Lasciando da parte la retorica, i governi della Marea Rosata basarono la loro strategia sulla forte espansione della produzione di materie prime in collaborazione con i contingenti nazionali e locali della classe capitalista transnazionale. Ad eccezione del Venezuela nel periodo di auge della Rivoluzione Bolivariana, si evidenziò l’assenza di qualunque cambiamento sostanziale nelle relazioni fra classi e nella proprietà, nonostante i cambiamenti generati nei blocchi di potere politico, un discorso a favore delle classi popolari e una espansione dei programmi di benestare sociale finanziati dalle imposte sulle industrie estrattive delle corporation. L’accrescimento delle attività minerarie e dell’agroindustria transnazionale di loro proprietà ebbe come risultato una maggiore concentrazione delle terre e del capitale e rafforzò il potere strutturale dei mercati globali sugli Stati con orientamento a sinistra. Come risultato, i paesi della Marea Rosata si trovarono sempre più integrati nei circuiti transnazionali del capitalismo globale e dipendenti dai mercati globali delle commodity e del capitale.

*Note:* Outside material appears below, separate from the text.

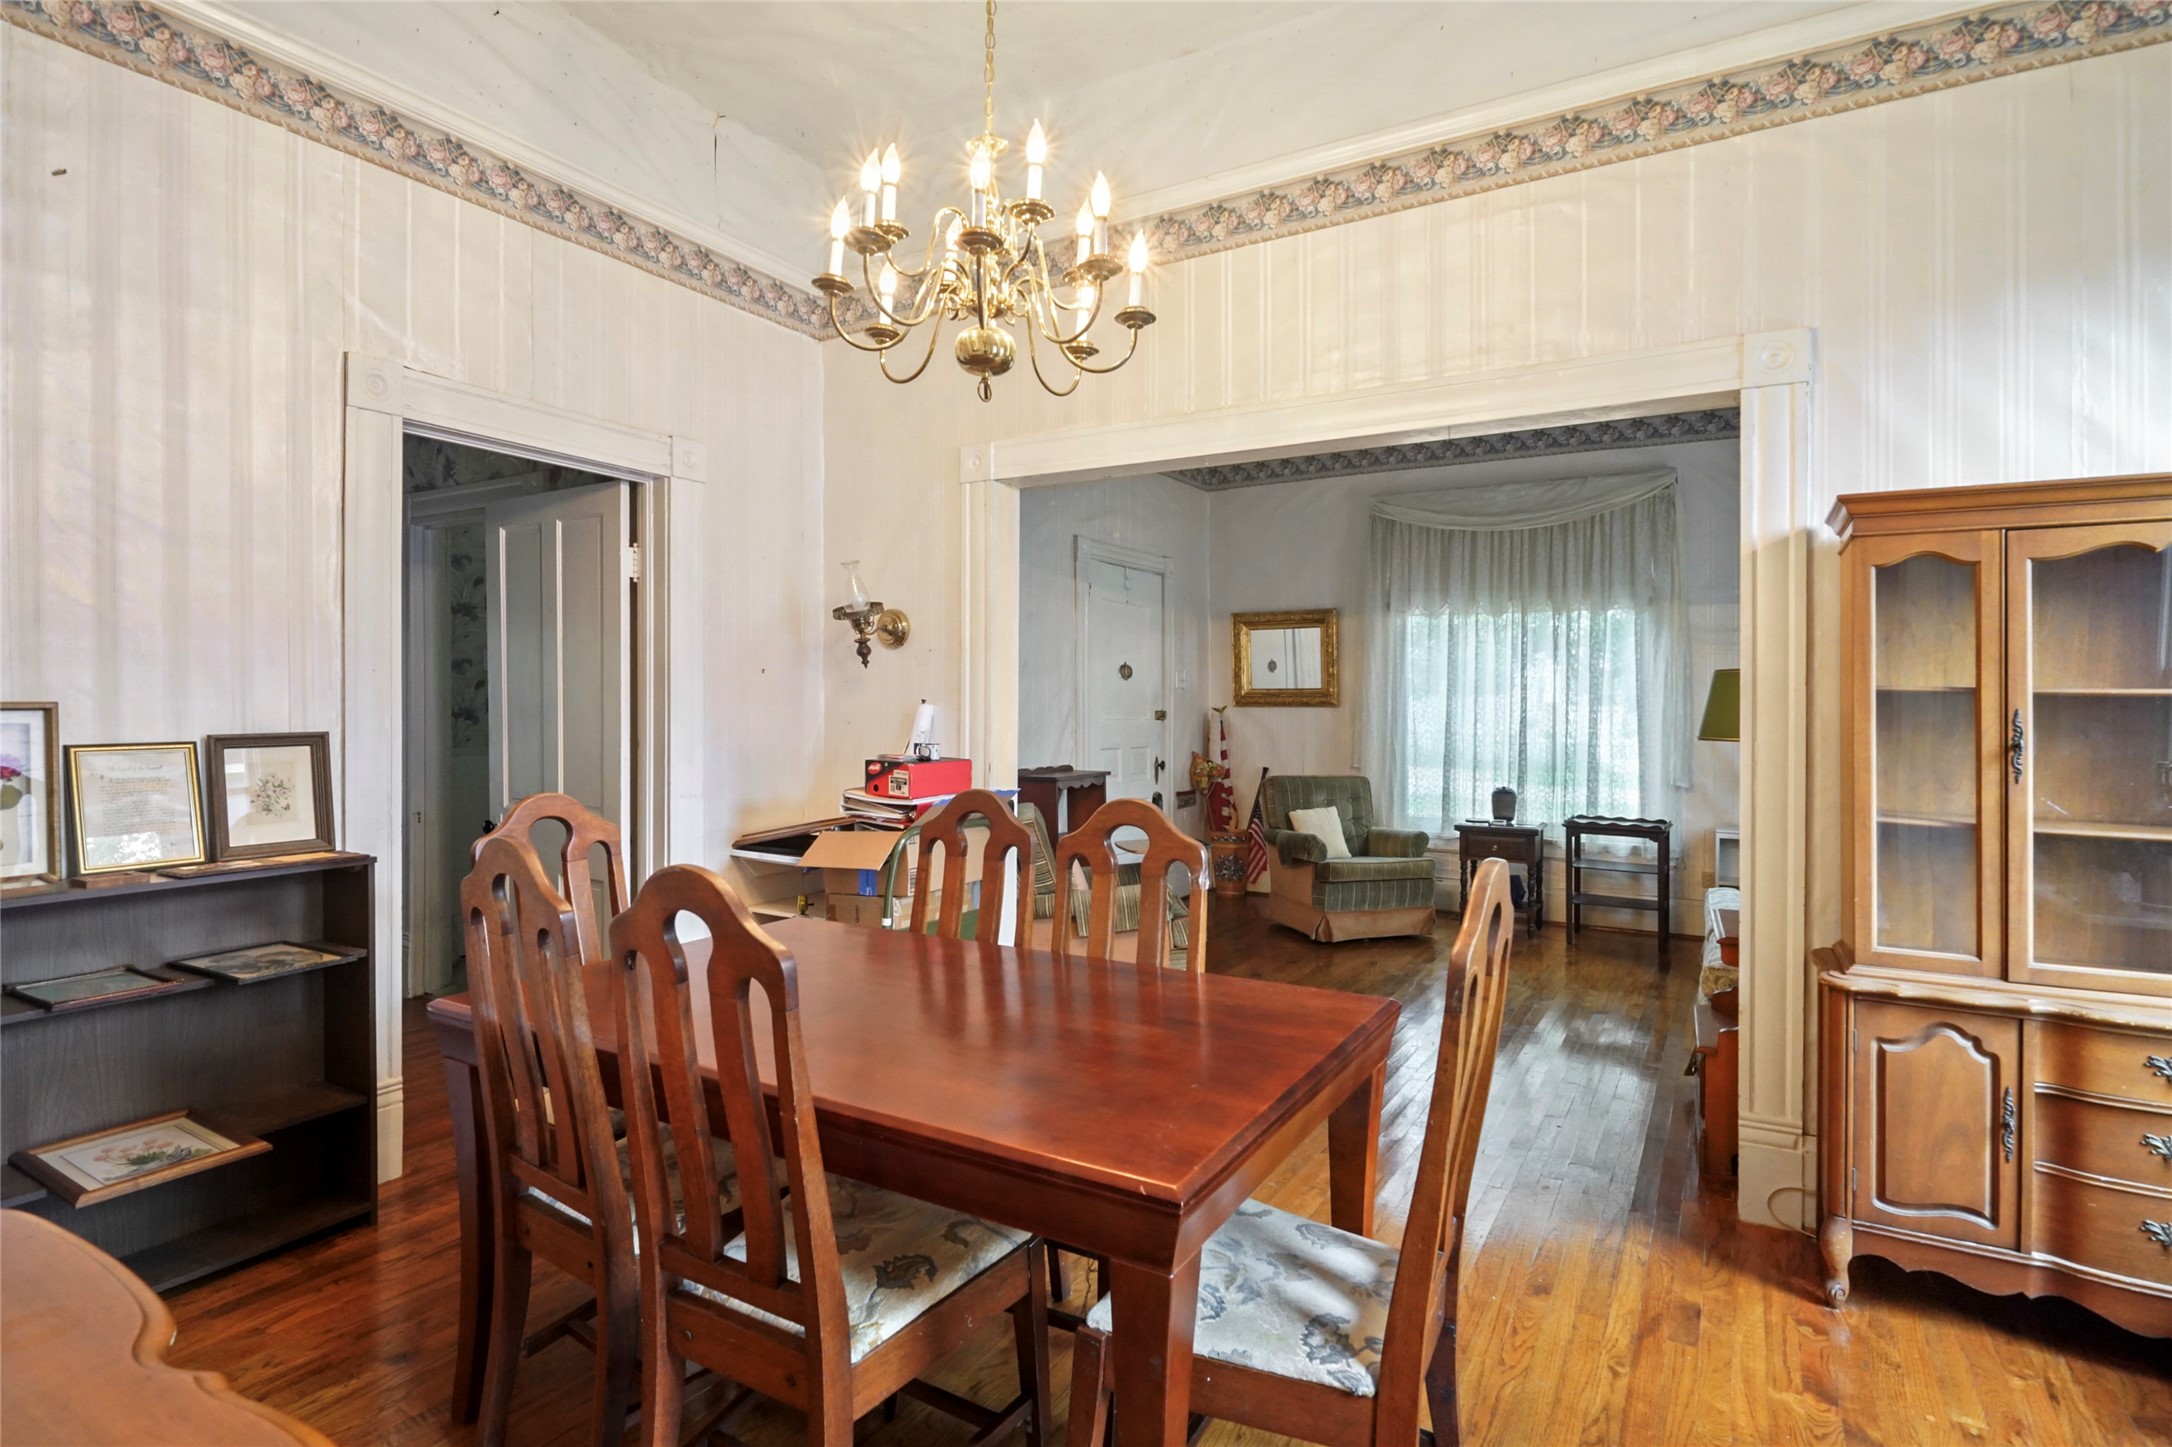 Formal dining area - open to living room - check out the nice wood floors.

Le masse popolari reclamavano trasformazioni più sostanziali. Il giro verso la Sinistra aprì di fatto spazi perché queste masse facessero avanzare le loro lotte. Tuttavia, nel loro impegno per attrarre l’investimento delle corporation transnazionali e espandere l’accumulazione estrattivista, gli Stati compressero molte volte le richieste di quelli in basso verso maggiori trasformazioni. Questi Stati smobilitarono i movimenti sociali, risucchiandone i loro dirigenti nel governo e nello Stato capitalista e subordinarono i movimenti delle masse all’elettoralismo dei partiti della Sinistra. Data l’assenza di più ampie trasformazioni strutturali che potessero rispondere alle cause profonde della povertà e della disuguaglianza, i programmi sociali furono subordinati ai viavai dei mercati globali sui quali gli stati della Marea Rosata non esercitavano alcun controllo.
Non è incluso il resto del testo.